Note: with an integer seed for a primary key, you don't often see alot of fragmentation unless you get alot of deletes & updates to rows.
每次 ,还是仅执行第一个查询? 难道第一个查询会产生加载索引等的成本?
作为比较,对特定消息 ID 执行相同的查询需要多长时间?
另外,根据您运行此程序的机器的规格,以及查看其他人建议的执行计划,也可能值得查看 mysqld 的内存使用情况并确保它不是简单的交换。
Every time, or just the first query? Could it be that the first query is incurring the cost of loading the indices etc?
And for comparison, how long does it take to do the same query for a specific message ID?
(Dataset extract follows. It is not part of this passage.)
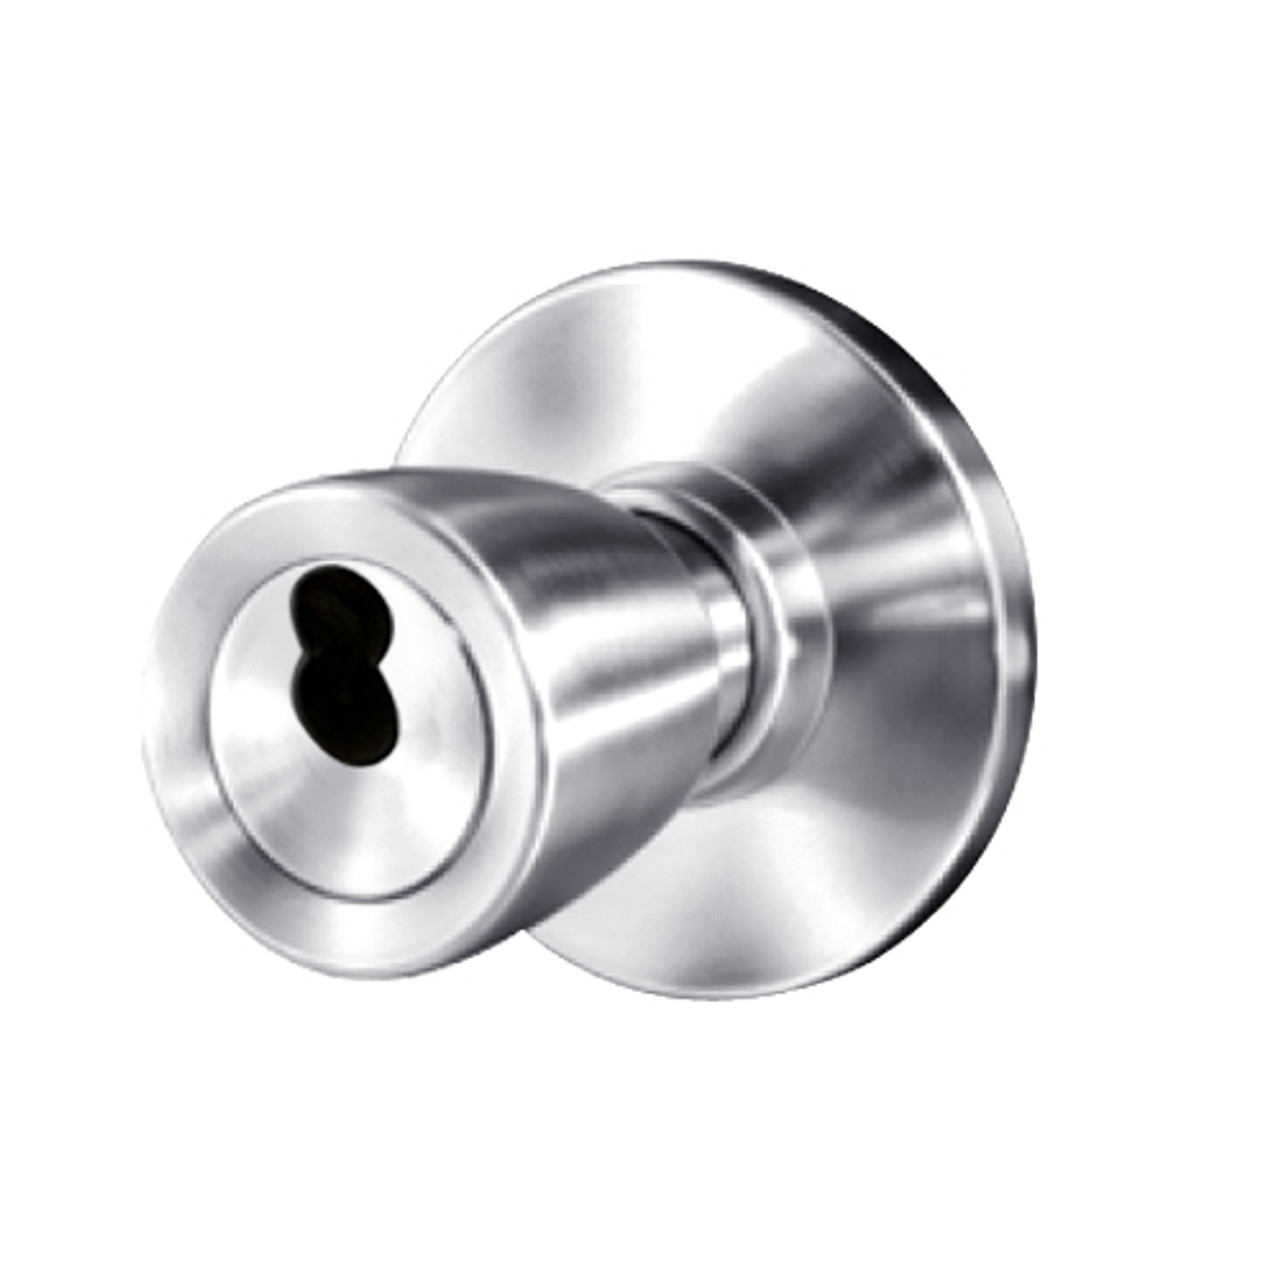 8K57W6AS3625 Best 8K Series Institutional Heavy Duty Cylindrical Knob Locks with Tulip Style in Bright Chrome
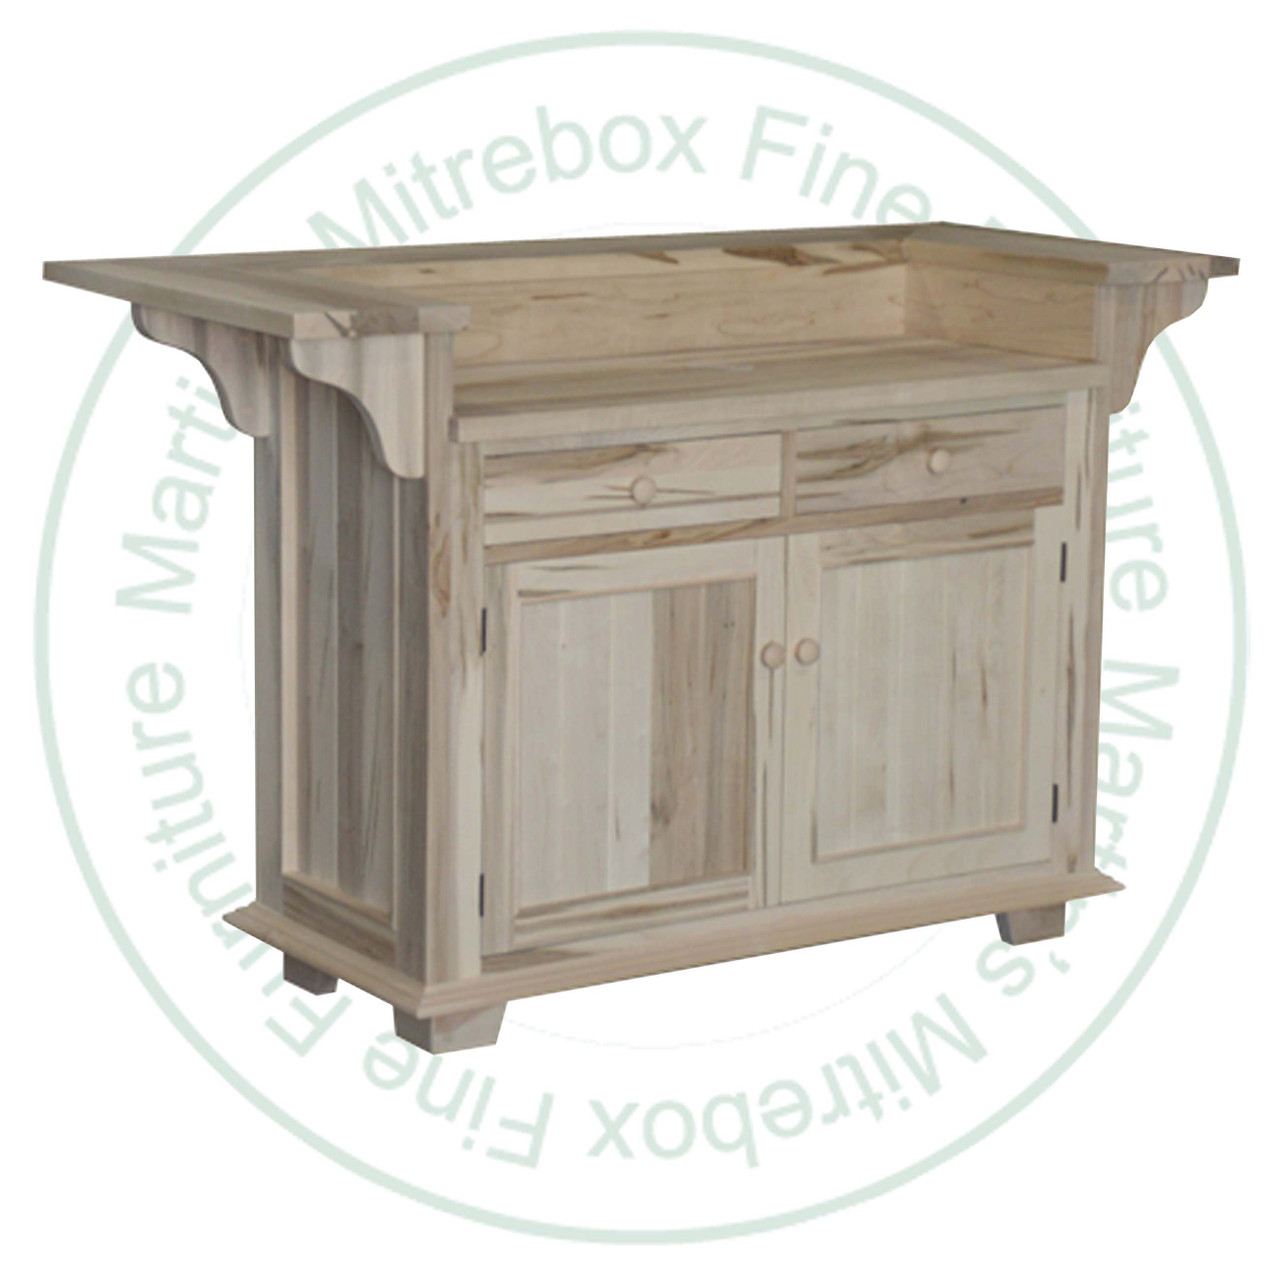 Maple Simplicity Island 30''D x 66''W x 36''H With 2 Drawers And 2 Doors ( With Feet )

Also depending on the spec of the box you're running this on, then as well as looking at the execution plans as suggested by others it may also be worth looking at the memory usage of mysqld and making sure that it's not simply swapping.
由于这通常由解析器重写为:
我有兴趣查看单个案例的执行计划和性能:
在这种情况下,您最好执行
UNION
或创建包含 ID 并执行JOIN
的表。Since this is usually re-written by the parser as:
I'd be interested to see the execution plan and the performance for a single case:
In which case you might be better off doing a
UNION
or creating a table containing the IDs and performing aJOIN
.您在这里查看什么硬件? 我假设您有一台具有合理数量的 ram 且 key_buffer 设置相当大的服务器(例如,大于两个中等大小的表的组合索引大小)。 我假设该服务器是一台闲置的性能测试服务器。
你能测量IO的数量吗?
如果重复完全相同的查询,速度快吗?
如果将整个数据库加载到 ram 光盘中(一个只有 15M 行的小表将很容易装入 ram 光盘),速度会更快吗?
另外(正如其他人所指出的),发布解释计划。
但如此小的数据库应该总是很快,因为除了最弱的服务器之外,它可以容纳在所有服务器的内存中。
What hardware are you looking at here? I assume you have a server with a reasonable amount of ram and key_buffer set quite large (say, bigger than the combined index sizes of the two modest sized tables). I assume the server is an otherwise idle performance-test server.
Can you measure the amount of IOs?
If you repeat the exact same query, is it fast?
If you load the entire database into a ram disc (a small table with only 15M rows is going to fit in a ram disc quite easily) is it faster?
Also (as others have noted), post the EXPLAIN plan.
But such a small database should always be fast as it will fit in ram on all but the puniest of servers.